Directions for this task:
A faithful copy of the data below is required, leaving out every picture.

(Records from a data collection)
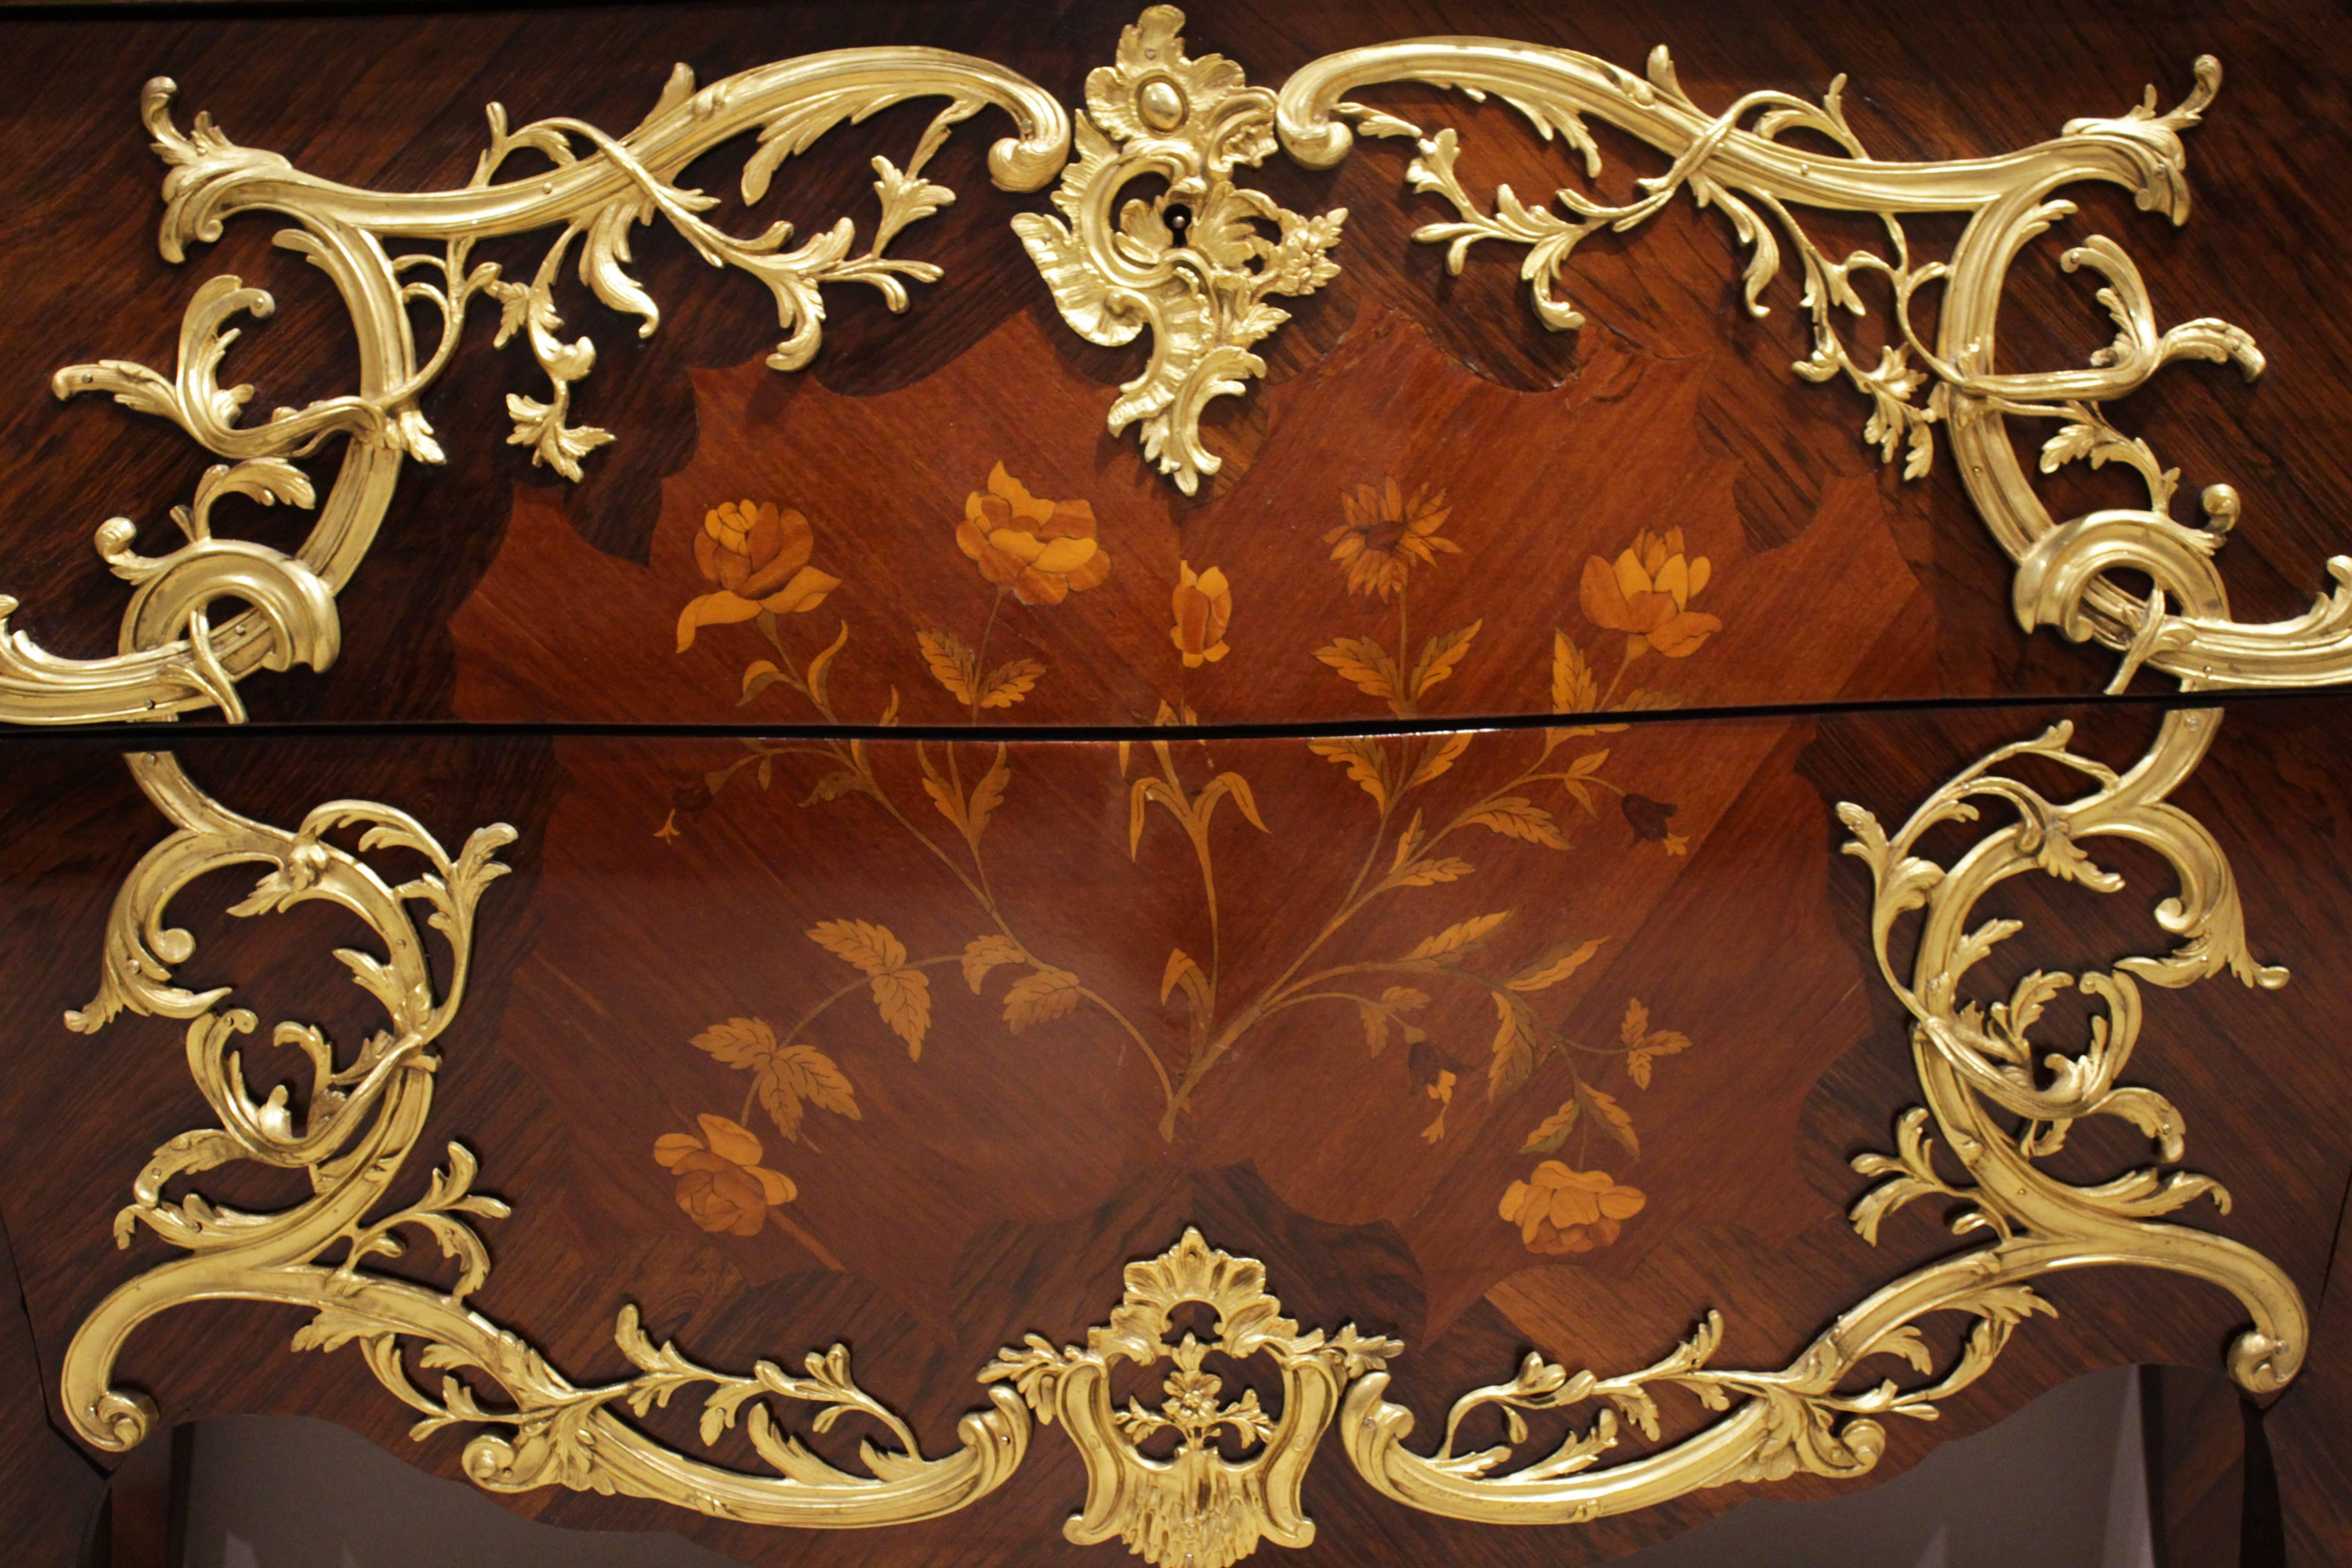 French ormolu-mounted marquetry commode
marble top with gilt bronze mounts, signed.
France, 19th century
Measures: H 33 in.; W 43 in.; D 19 in.

Please note this item is currently located at our Palm Beach location.

Reply to the exercise:
 French ormolu-mounted marquetry commode
marble top with gilt bronze mounts, signed.
France, 19th century
Measures: H 33 in.; W 43 in.; D 19 in.

Please note this item is currently located at our Palm Beach location.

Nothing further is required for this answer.